Invest in a small refrigerator and keep it in the garage or basement. Then you can keep anything you want in it without pi$$ing off the wife.


----------



## 1MoreKast (Mar 15, 2008)

RStock521 said:


> Lol for this reason exactly, I bought a couple bait pucks last year. Can't see what's in them and they seem to keep them alive well enough.

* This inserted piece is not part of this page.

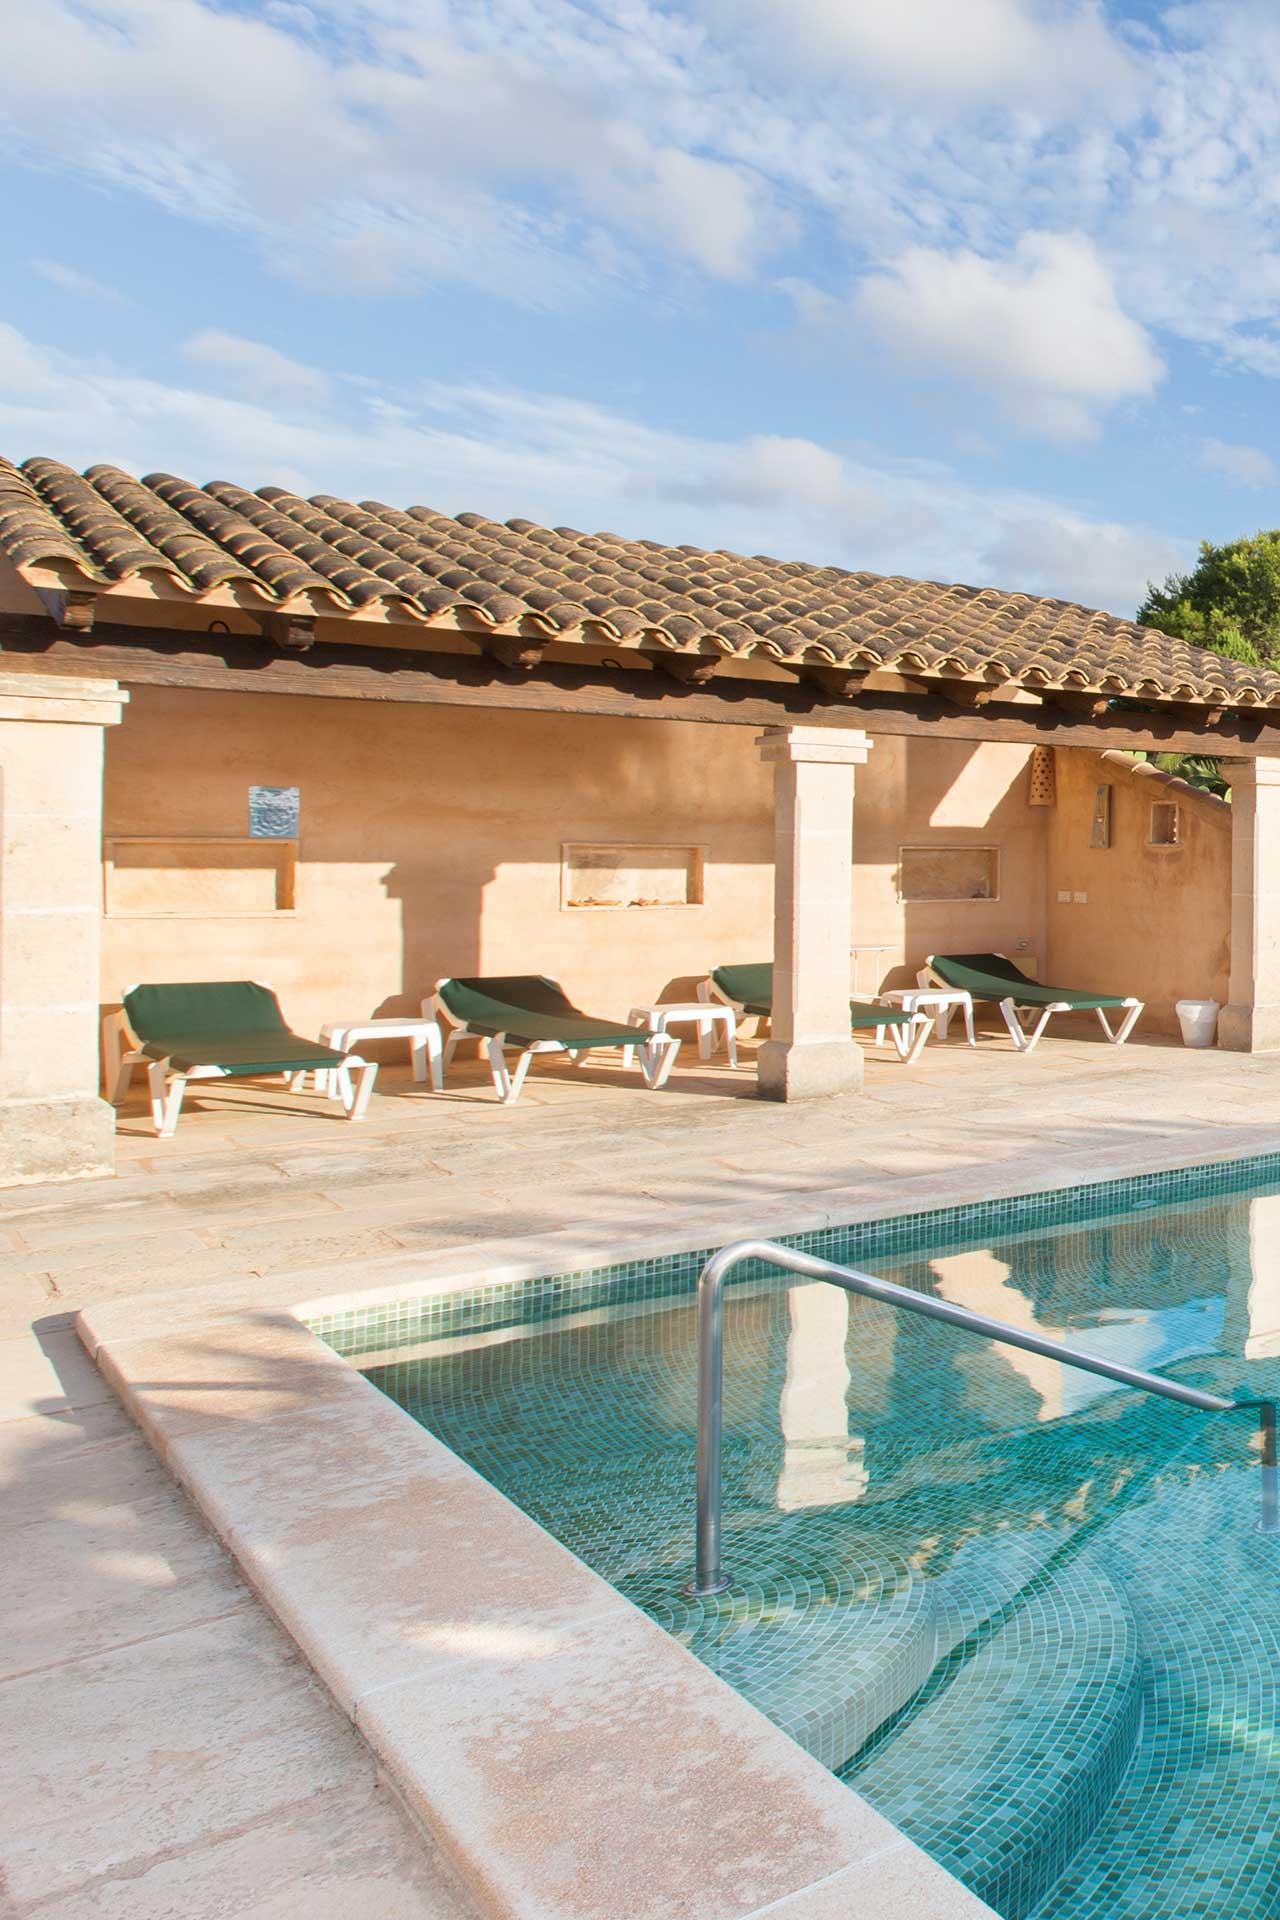 Finca C'an Murtera - Swimming pool with pool house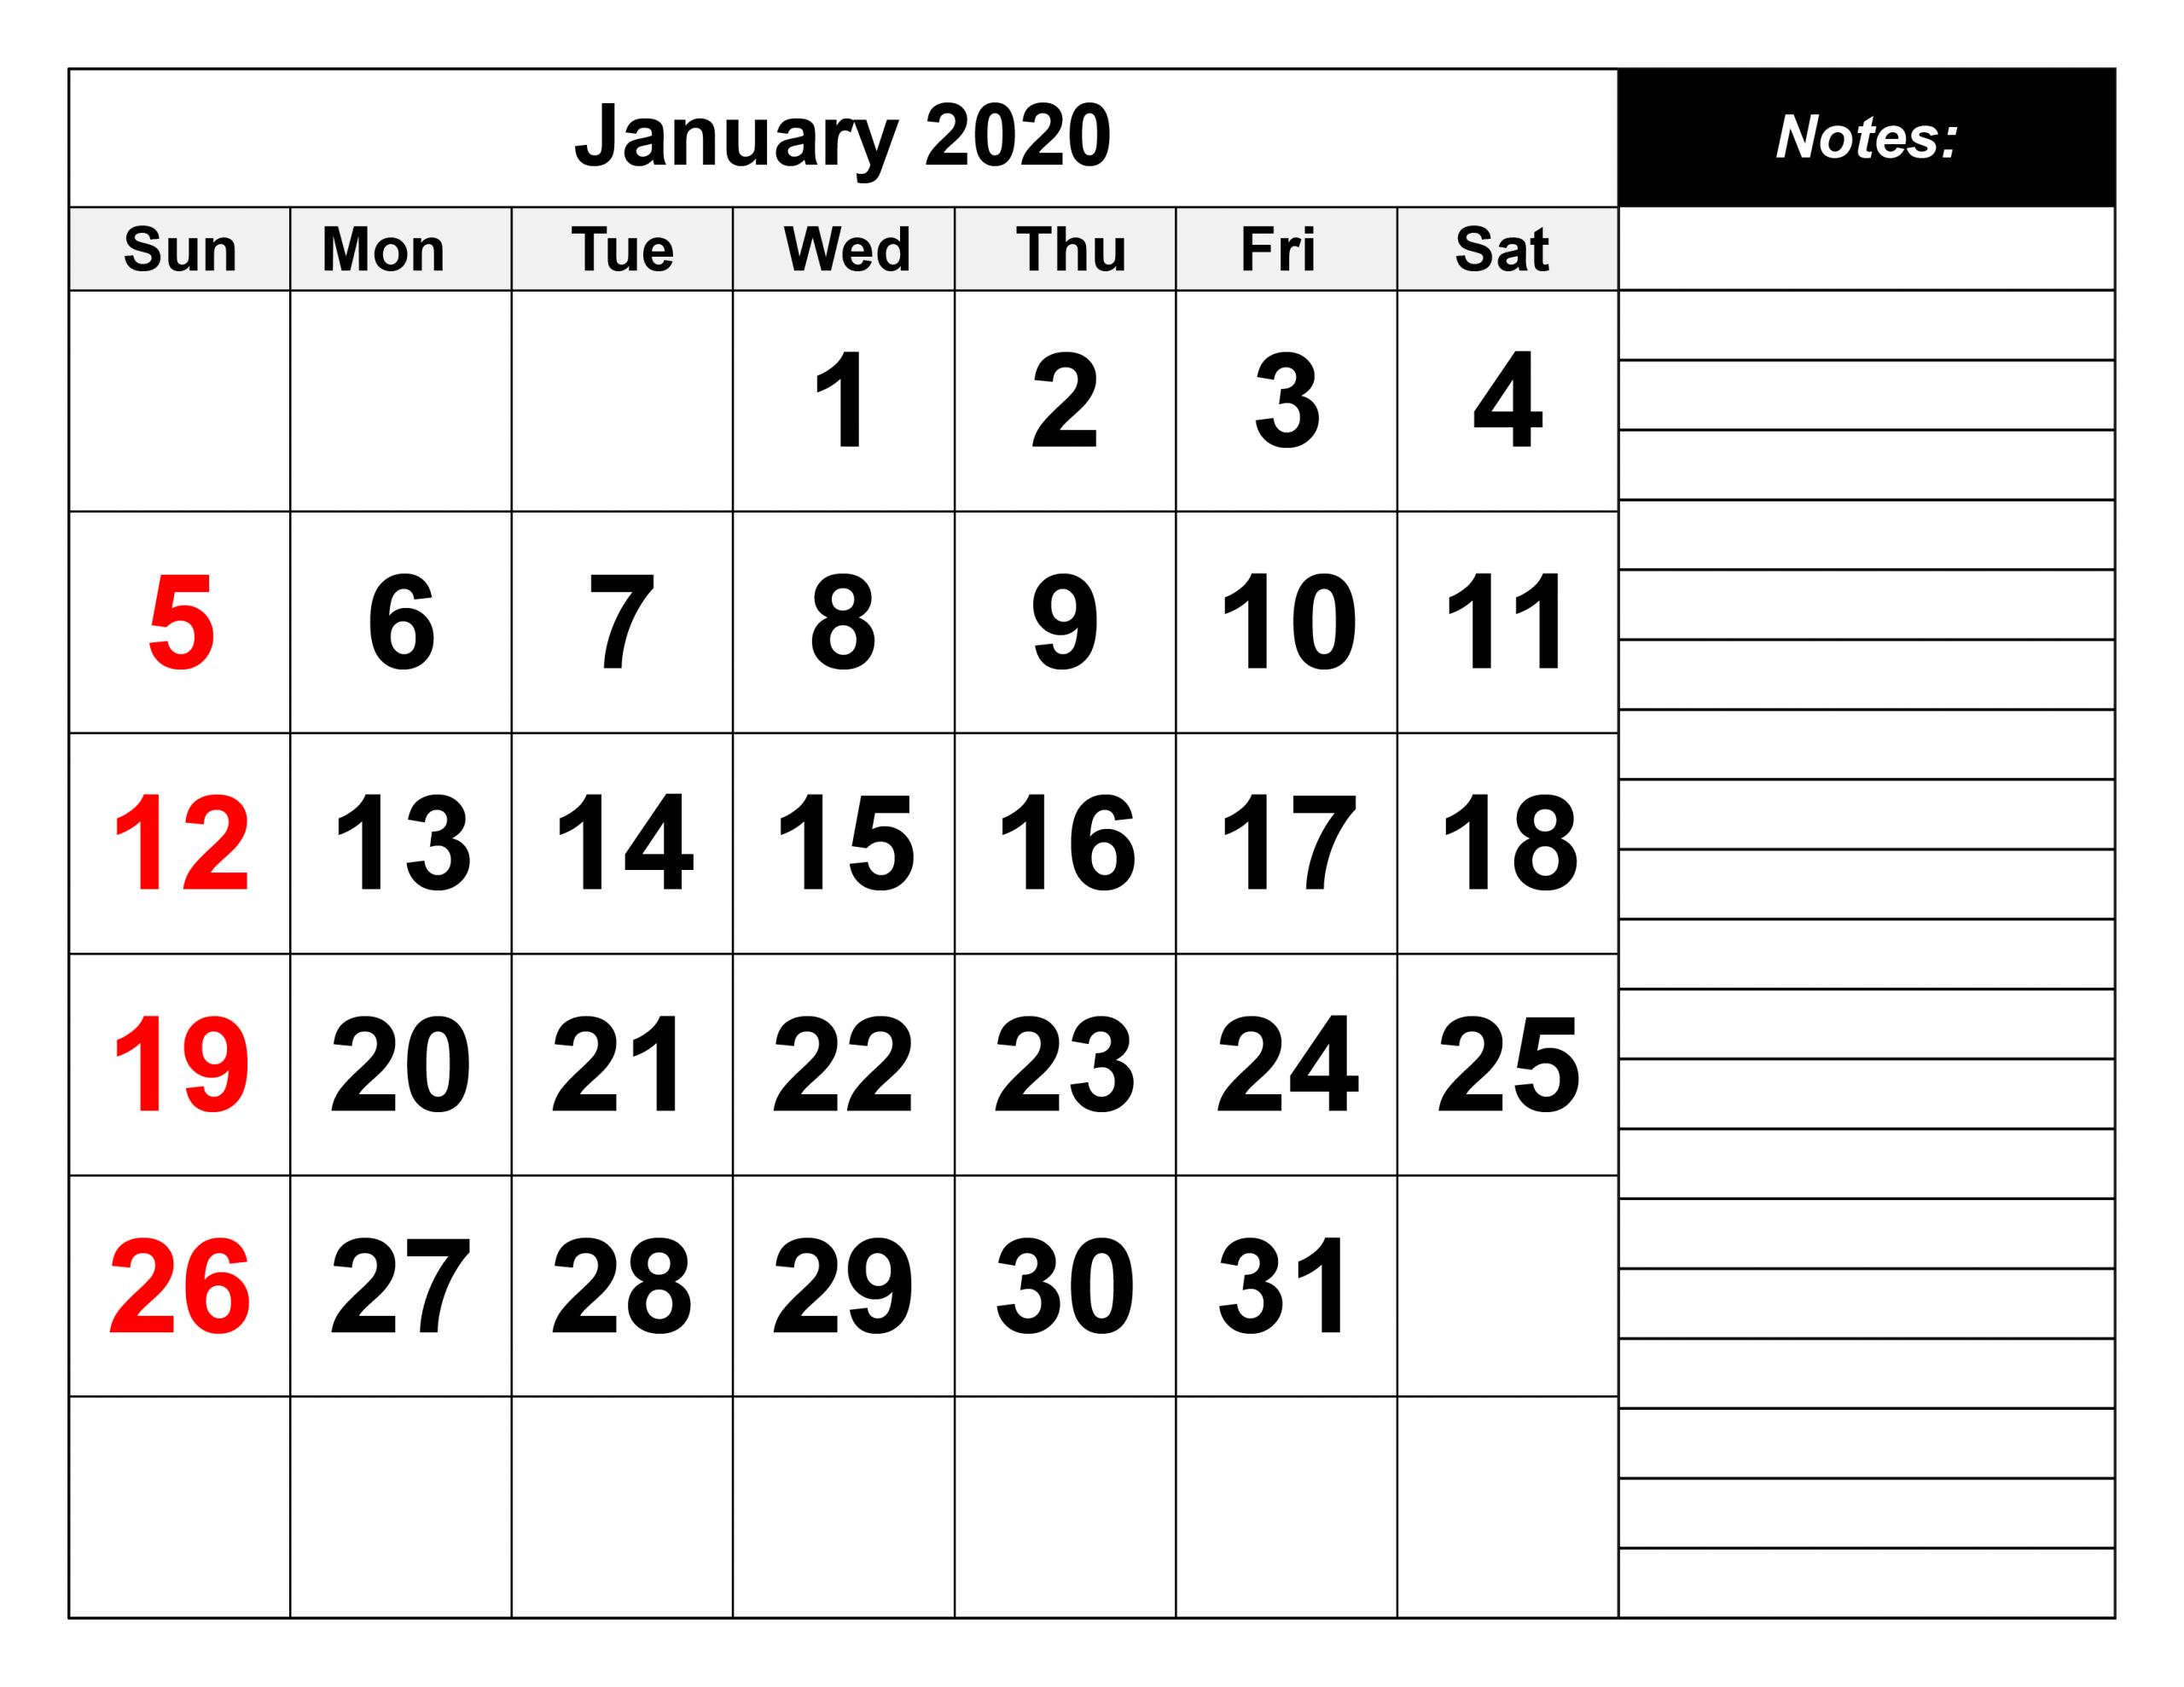 January 2020 Calendar Of Public Holidays | Office Holidays

Reminds me that I'm not allowed to tie eggs at the kitchen table...pfft...women....


----------



## RStock521 (Jul 17, 2008)

The 10-day is looking better for steelies. Low's in the 50's at night and some rain. Here we go


----------



## CaptainFishpond (Nov 28, 2016)

Seen a few caught. 

Not long now and they will be running!!


----------



## gotta hit (Dec 11, 2007)

one caught in fairport off the rocks today on a little cleo


----------



## steelhead sniper 860 (Nov 6, 2013)




----------



## Weatherhead (Dec 9, 2017)

steelhead sniper 860 said:


> View attachment 276445
> View attachment 276447


Sniper, 
You are one way of the more frequently vocal guys on here, thanks for that. Once they are up in the rivers far enough for us waders... please do send out a post to let us know. I've been day dreaming of getting back out there since April .


----------



## steelhead sniper 860 (Nov 6, 2013)

The last post I shared was a public fishing report, I google Cleveland metro parks fishing report and read what Mike Durkalec has to say. He’s usually pretty honest and straight forward about what he’s seen in the Metroparks from week to week.


----------



## fishingful (Apr 5, 2004)

Mike has been electrofishing and has found a few in the river. They are geting a few on the shoreline by fairport also.


----------



## mas5588 (Apr 15, 2012)

Woke up this morning to low 50s and that's supposed to continue for a bit I think. Also see lots of rain moving in this week. That should get them moving.


----------



## steelhead sniper 860 (Nov 6, 2013)

I tried casting around the Vermilion today for an hour& missed two bass. One I couldn’t tell what it was but after missing a smallie a little later I’m pretty sure the first fish was a bass also. Saw 3 does while fishing, was nice to get on the river for the first time this year.


----------



## steelhead sniper 860 (Nov 6, 2013)




----------



## Spillway (Nov 24, 2011)

They are moving in near shore for pier fishermen. Started in the East and is moving West.


----------



## ChromeCollector (Sep 12, 2014)

Spillway said:


> They are moving in near shore for pier fishermen. Started in the East and is moving West.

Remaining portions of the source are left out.